Domestication sexuelle : ces fourmis qui clonent une autre espèce pour survivre

Le vivant a toujours semblé suivre une règle simple : un individu ne peut donner naissance qu’à des individus de sa propre espèce. Pourtant, une découverte récente démontre que ce principe fondamental souffre désormais d’une exception. Chez les fourmis moissonneuses Messor ibericus, les femelles doivent produire des individus de deux espèces différentes. En plus de produire des mâles de leur propre espèce pour engendrer les futures reines, elles doivent également cloner des mâles d’une autre espèce pour produire toutes les ouvrières. Il s’agit du premier cas connu d’une espèce qui doit cloner une autre espèce pour assurer sa survie.

Ce travail est le fruit de cinq années de recherche au sein de l’Université de Montpellier. Il a inclus l’échantillonnage de plus de 120 populations à travers l’Europe, le séquençage de près de 400 individus ainsi que l’observation minutieuse, en laboratoire, d’une cinquantaine de colonies installées dans des nids artificiels. C’est au terme de ces analyses et observations qu’il a été démontré que des mâles pondus par la même mère appartenaient à des espèces différentes, avec des génomes et des morphologies totalement distincts. Les génomes de ces deux « frères » présentent en effet des différences comparables à celles que l’on observe chez des espèces séparées depuis plus de 5 millions d’années. Le nombre et la présence de poils sont souvent des critères déterminants pour différencier les espèces de fourmis, et là encore, la différence est extrêmement frappante pour deux individus pourtant issus de la même mère : l’un est extrêmement poilu, tandis que l’autre est quasiment glabre.

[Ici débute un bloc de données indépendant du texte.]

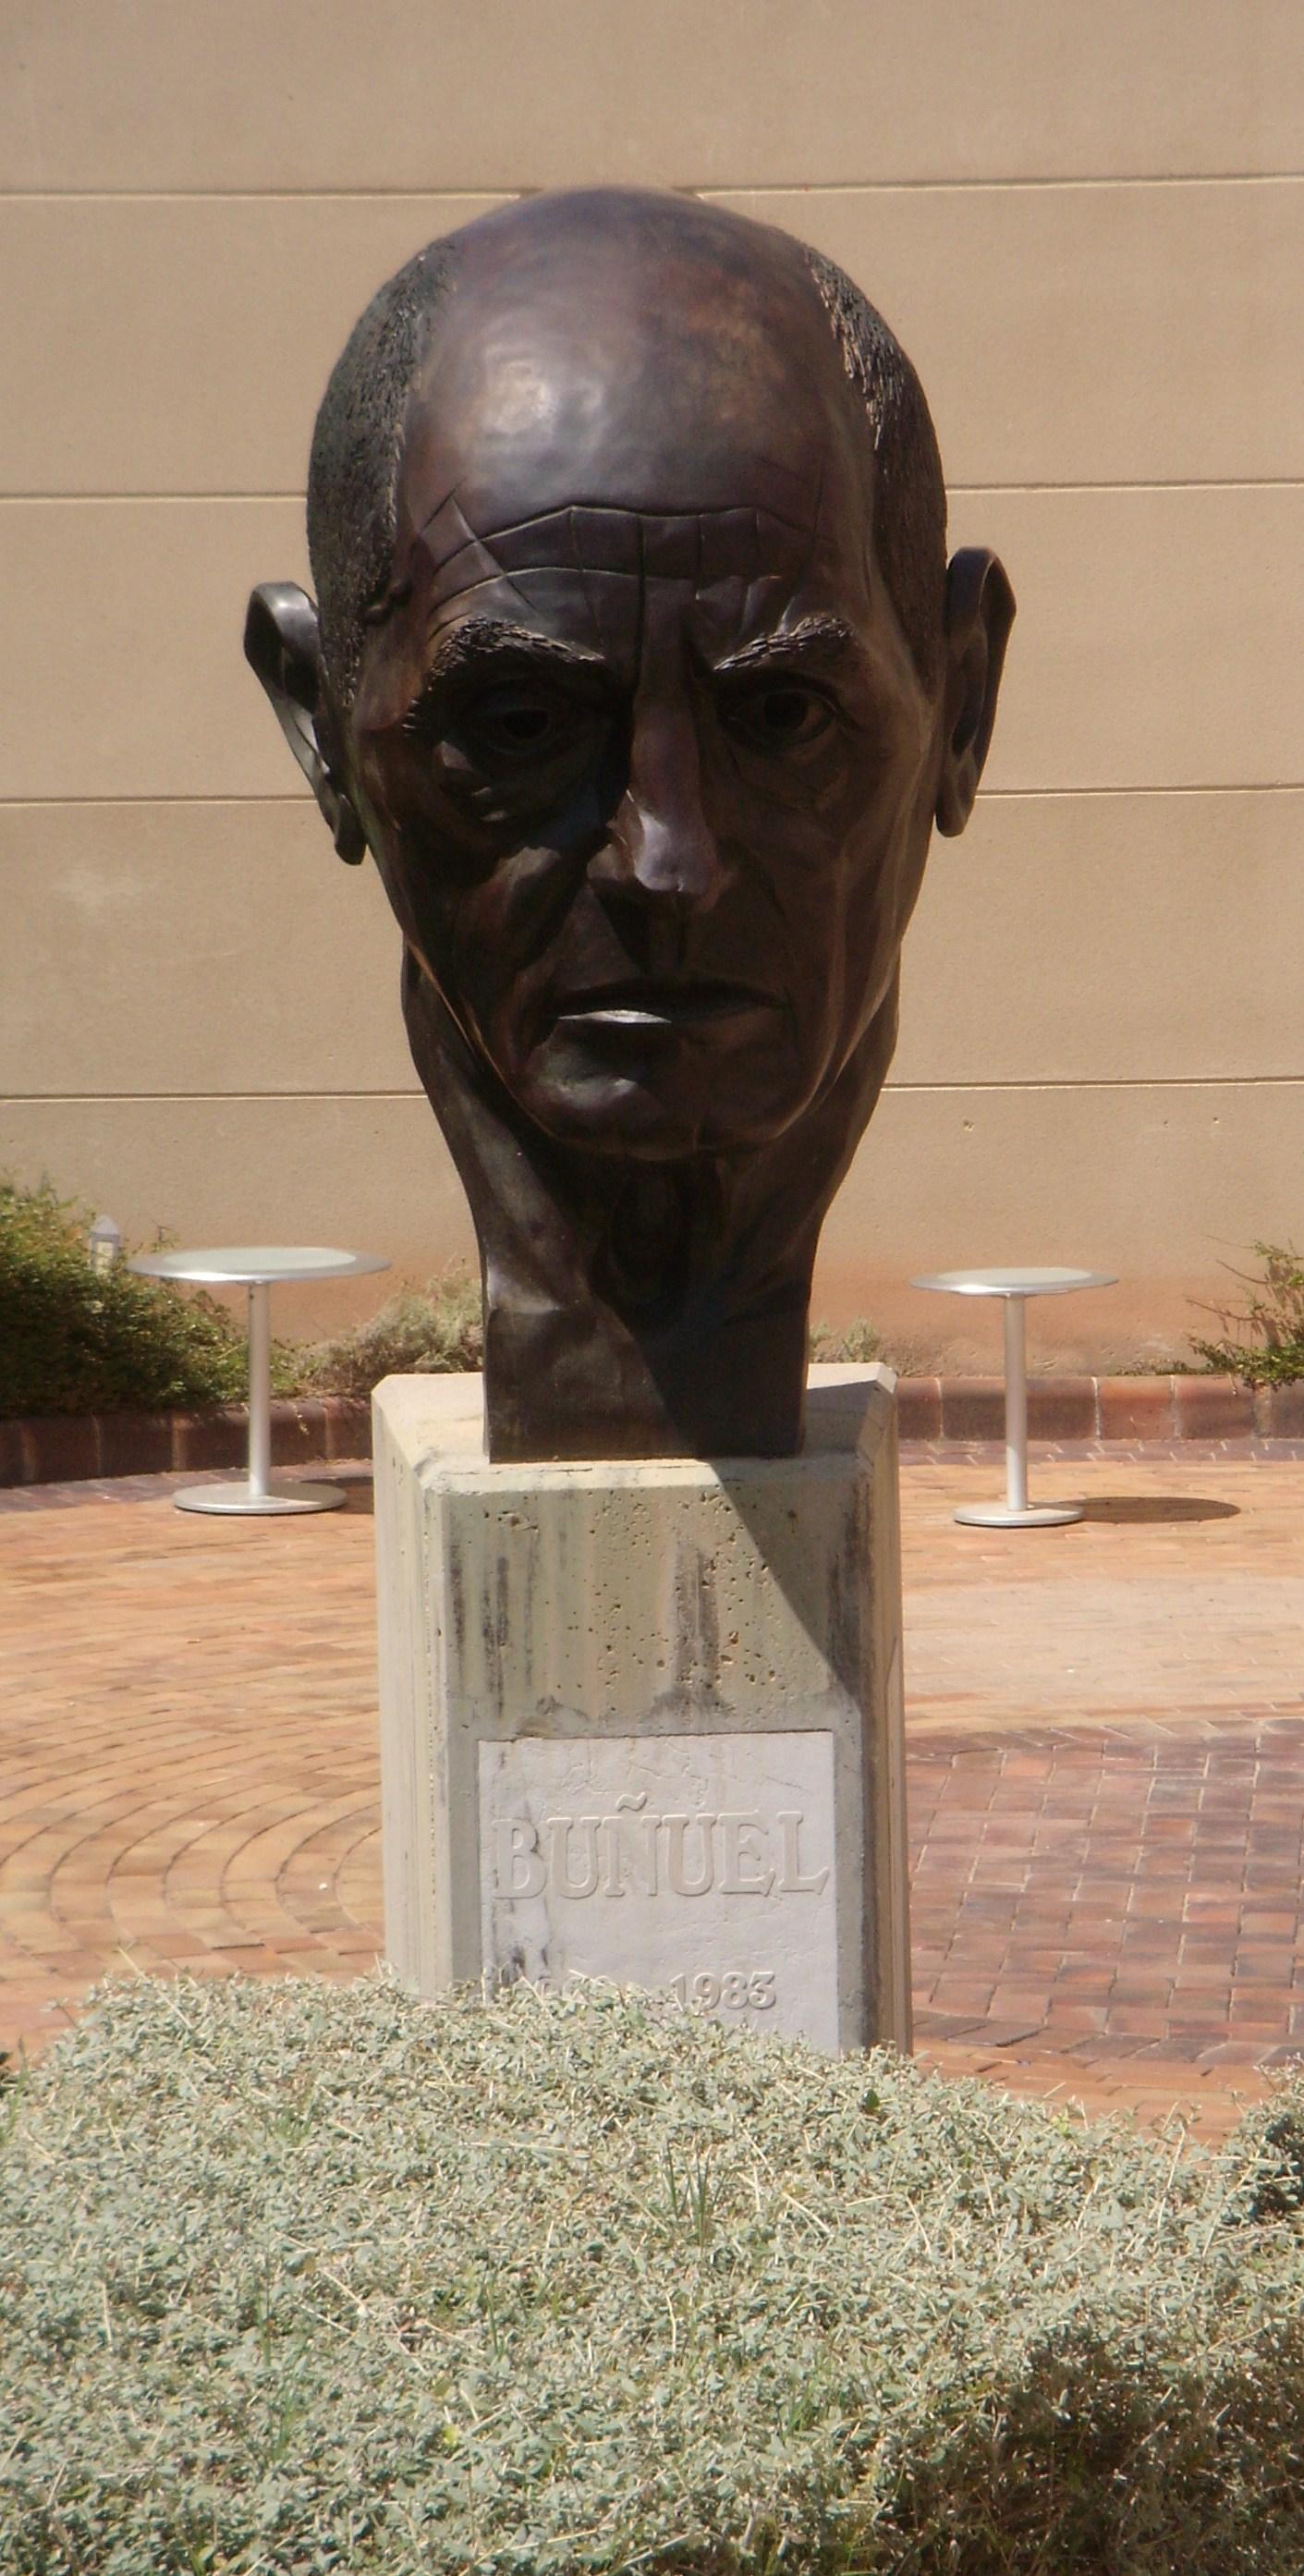 Cabeza de Luis Buñuel, obra del escultor Iñaki, en el Centro Buñuel Calanda.

Frères d’espèces différentes. Ces deux mâles sont pondus par la même mère, en dépit de leur différence d’espèce d’origine (gauche : mâle Messor ibericus, droite : mâle Messor structor).

Le phénomène de domestication sexuelle

Comment une situation aussi inédite que deux frères d’espèces différentes a-t-elle pu évoluer ? Tout porte à croire qu’il s’agit du résultat d’un phénomène nouveau pour la science : la domestication sexuelle. Chez les fourmis moissonneuses, il n’est pas inhabituel qu’une reine pratique ce que l’on appelle le parasitisme spermatique. Cette forme de parasitisme consiste à utiliser le sperme de mâles d’une autre espèce afin de produire ses ouvrières. Ce mode de reproduction présente un inconvénient majeur : comme des chasseurs dépendant de leur gibier pour survivre, les reines doivent traquer les mâles d’une autre espèce pour exploiter leur sperme. Mais, à l’image de l’humanité domestiquant le bétail, elles ont fini par maîtriser la reproduction de ces mâles qu’elles exploitaient autrefois dans la nature. Cette domestication des mâles a été rendue possible grâce à leur capacité à cloner un mâle d’une autre espèce à partir de son simple sperme. De génération en génération, il est devenu possible de maintenir une lignée clonale de mâles directement dans leur nid. Grâce à cette lignée de clones domestiqués, plus besoin de vivre dans la même zone géographique qu’une autre espèce. C’est la raison pour laquelle les colonies de Messor ibericus peuvent produire seules des millions d’ouvrières hybrides qui ont envahi tout le pourtour méditerranéen. Fait marquant : de la même manière qu’un cochon diffère de son ancêtre sauvage, le sanglier, les clones domestiqués diffèrent morphologiquement et génétiquement des mâles dits sauvages trouvés dans les colonies de leur espèce d’origine.

Un nouveau mode de reproduction

Si l’être humain a su cloner artificiellement d’autres espèces, on ne connaissait jusqu’alors aucun exemple d’espèce animale où les femelles auraient naturellement besoin de cloner une autre espèce. Dans cette étude, il est proposé de qualifier ces femelles de xénopares, un terme signifiant qu’elles doivent produire des individus d’une autre espèce dans le cadre de leur cycle de vie. Cela inaugure le concept de xénoparité (du grec xeno-, « étranger, différent », et -parité, « enfanter, donner naissance »), un mot qui définit ce nouveau mode de reproduction.

Cette découverte révèle une forme de vie coloniale d’une complexité inégalée, avec des reines capables de donner naissance à une incroyable diversité d’individus, différant non seulement par leur caste ou leur sexe, mais aussi par leur espèce. Dans l’évolution, il arrive que des organismes autrefois séparés s’unissent pour former une entité plus complexe, un phénomène que l’on qualifie de transition évolutive majeure en individualité. Dans le cas de la xénoparité, deux espèces sont devenues sexuellement interdépendantes au sein d’une même colonie, illustrant comment une telle transition peut se produire via un processus de domestication sexuelle.